#### [WHAT IS EXPECTED]
The part below that opens with the line containing "DMC Embroidery Floss" and closes with the line containing "Best Teacher Ever" should be copied exactly, minus any pictures.

#### [PROVIDED DATA]
++++++

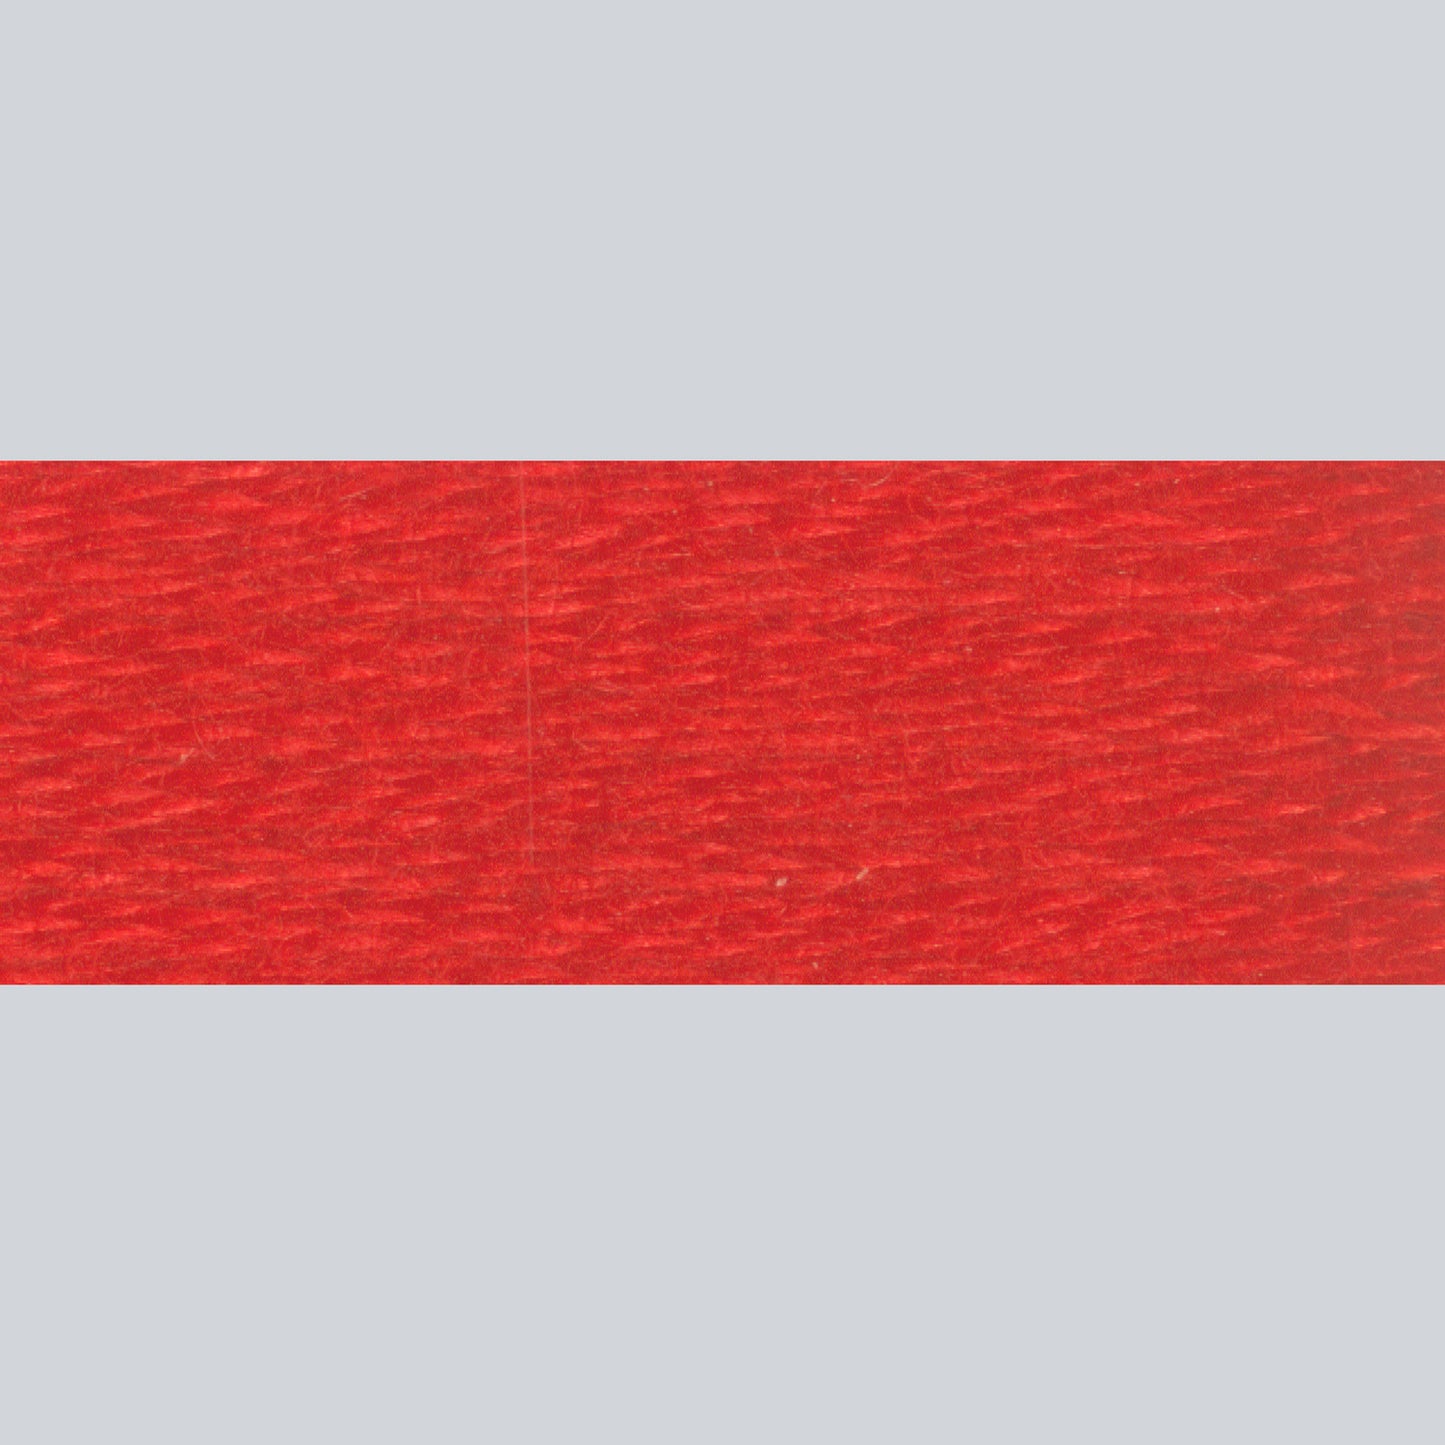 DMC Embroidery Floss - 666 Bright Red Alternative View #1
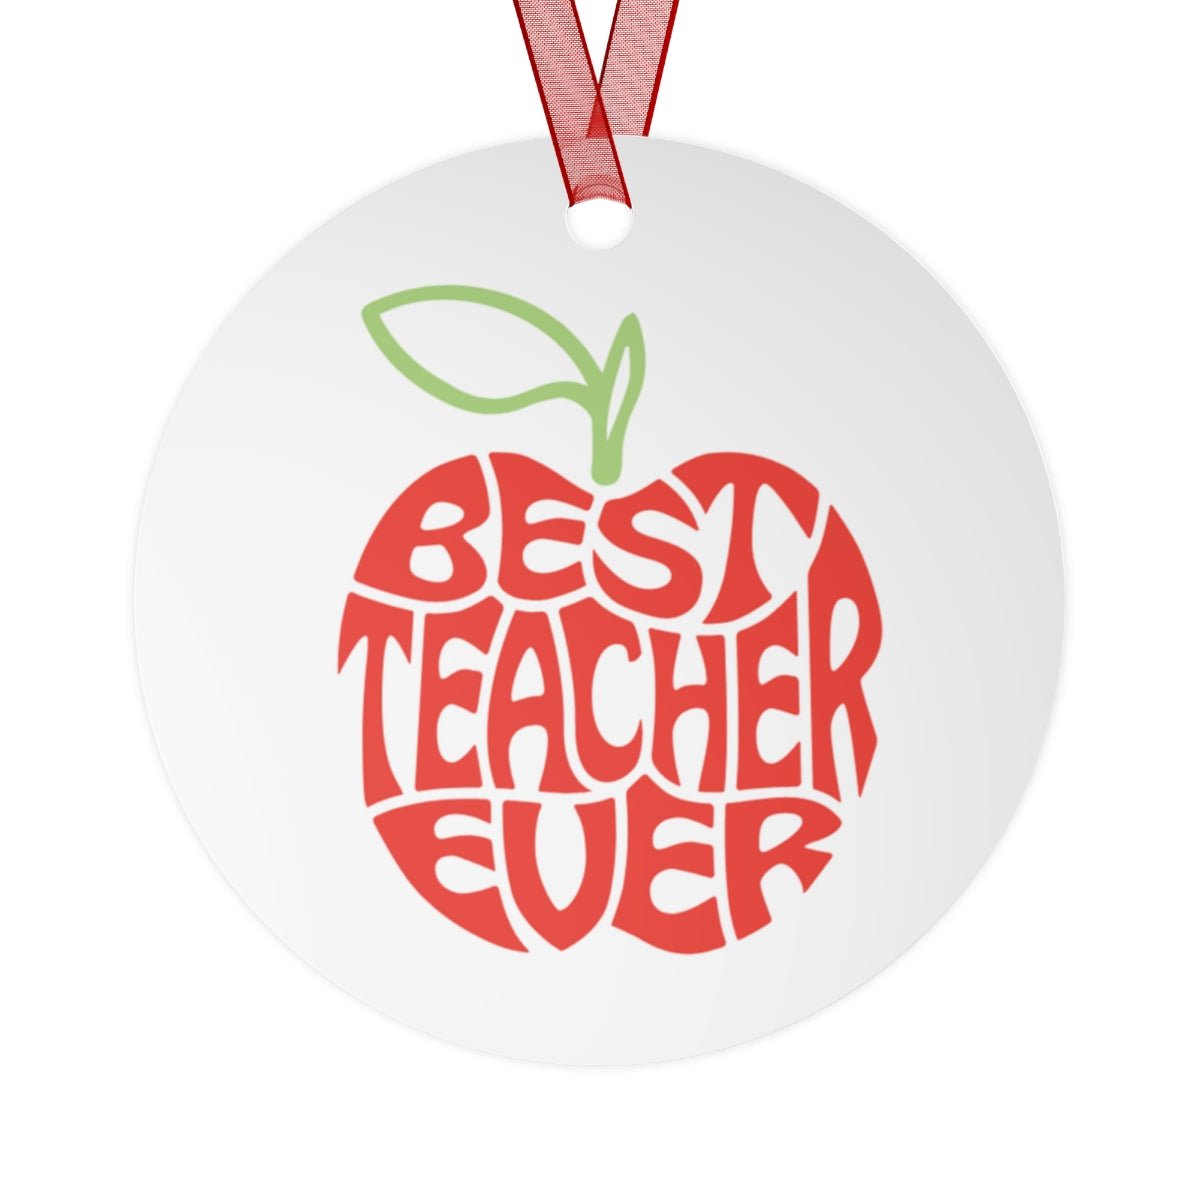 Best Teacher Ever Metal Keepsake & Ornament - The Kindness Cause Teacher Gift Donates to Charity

++++++

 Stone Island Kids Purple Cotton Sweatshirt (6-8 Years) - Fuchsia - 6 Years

++++++

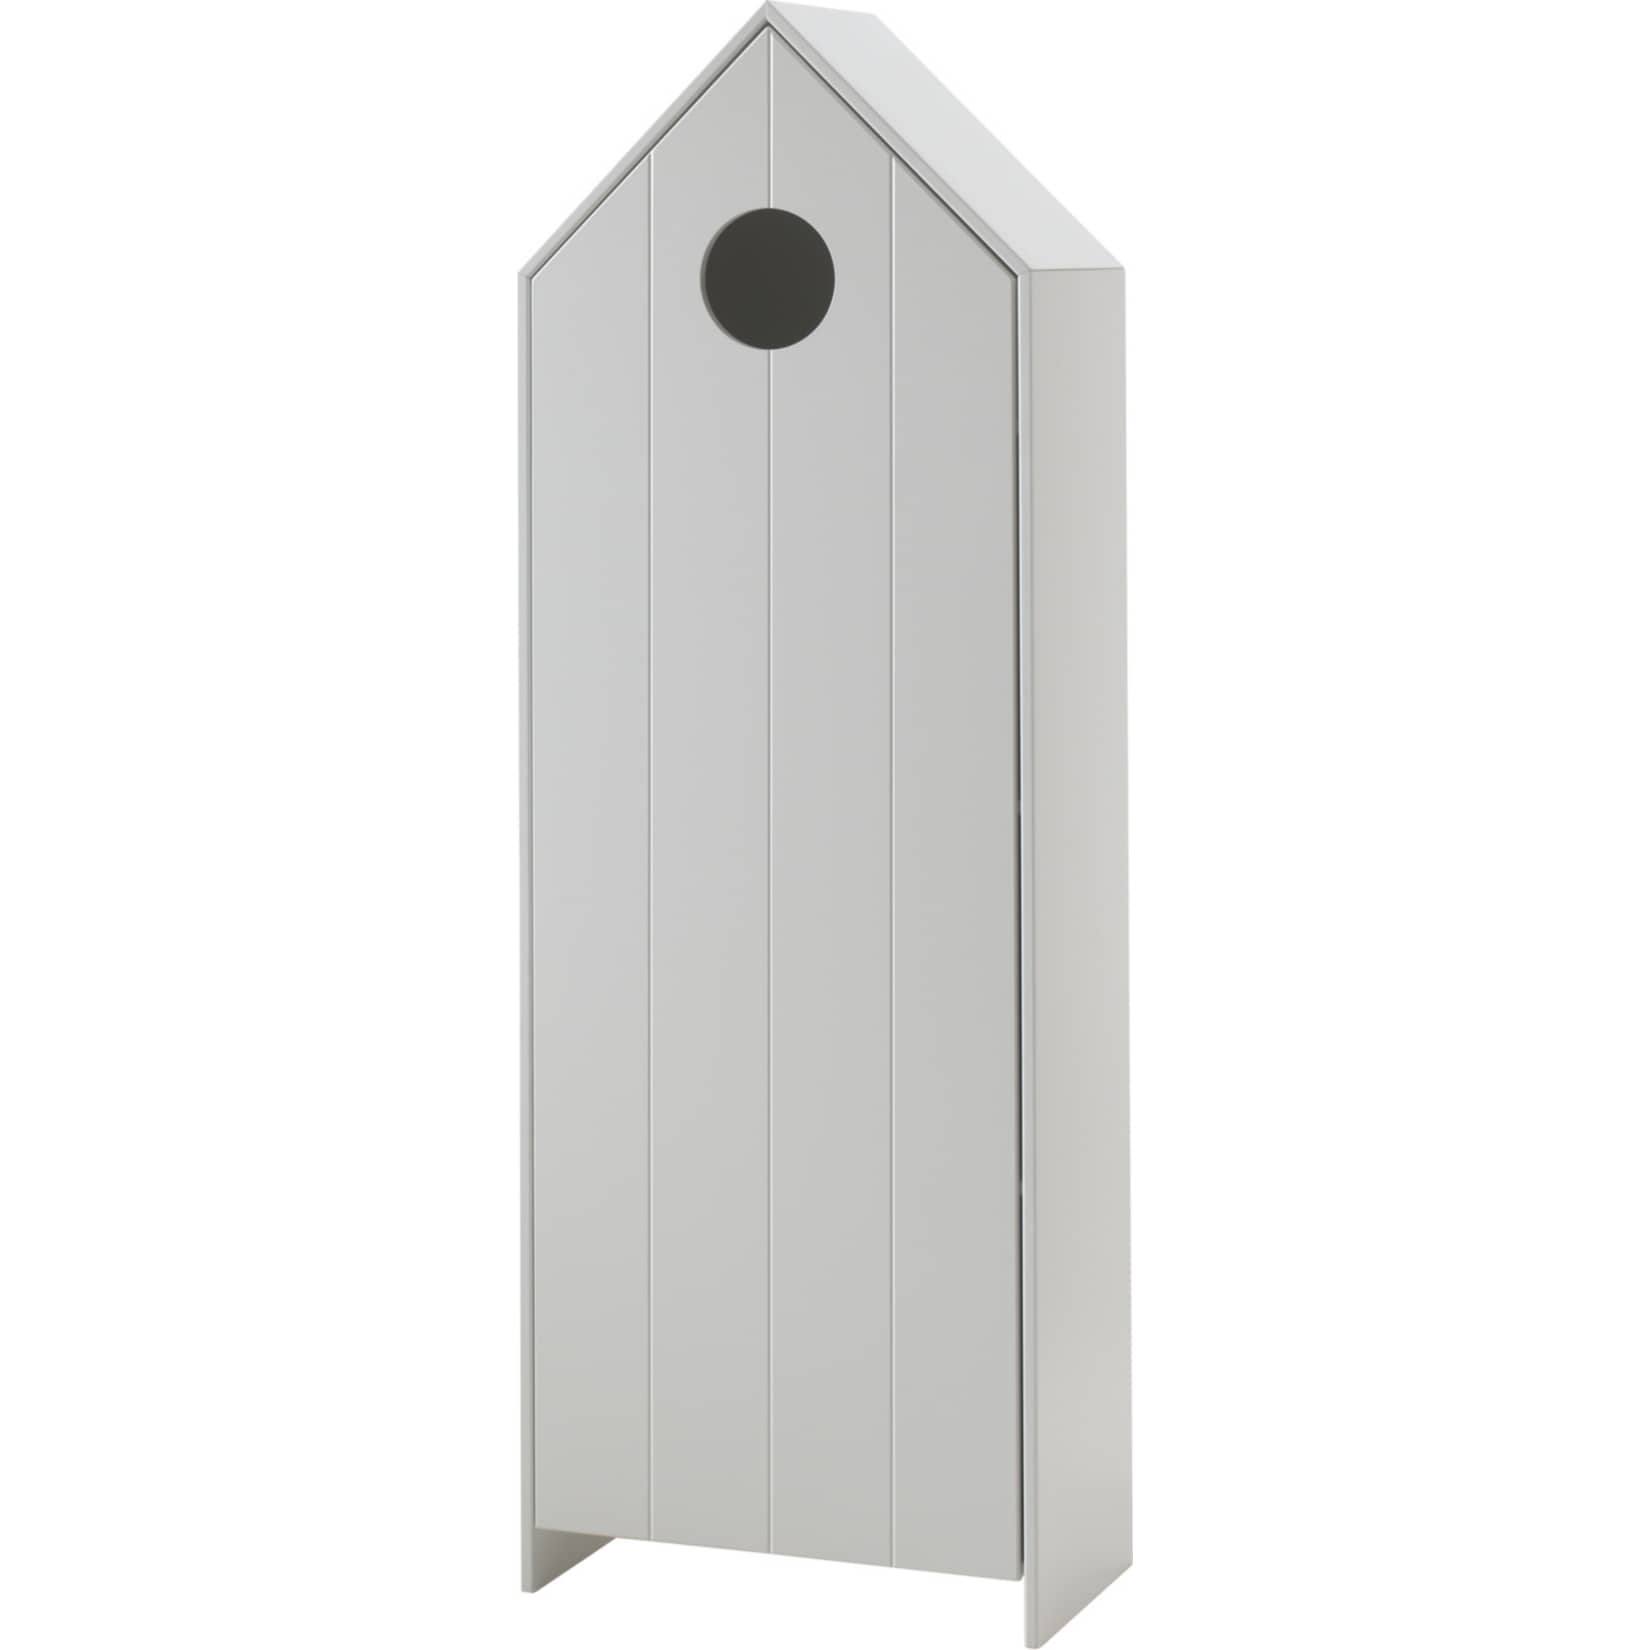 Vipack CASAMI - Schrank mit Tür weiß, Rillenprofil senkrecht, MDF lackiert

++++++

#### [FINISHED EXERCISE]
 DMC Embroidery Floss - 666 Bright Red Alternative View #1
 Best Teacher Ever Metal Keepsake & Ornament - The Kindness Cause Teacher Gift Donates to Charity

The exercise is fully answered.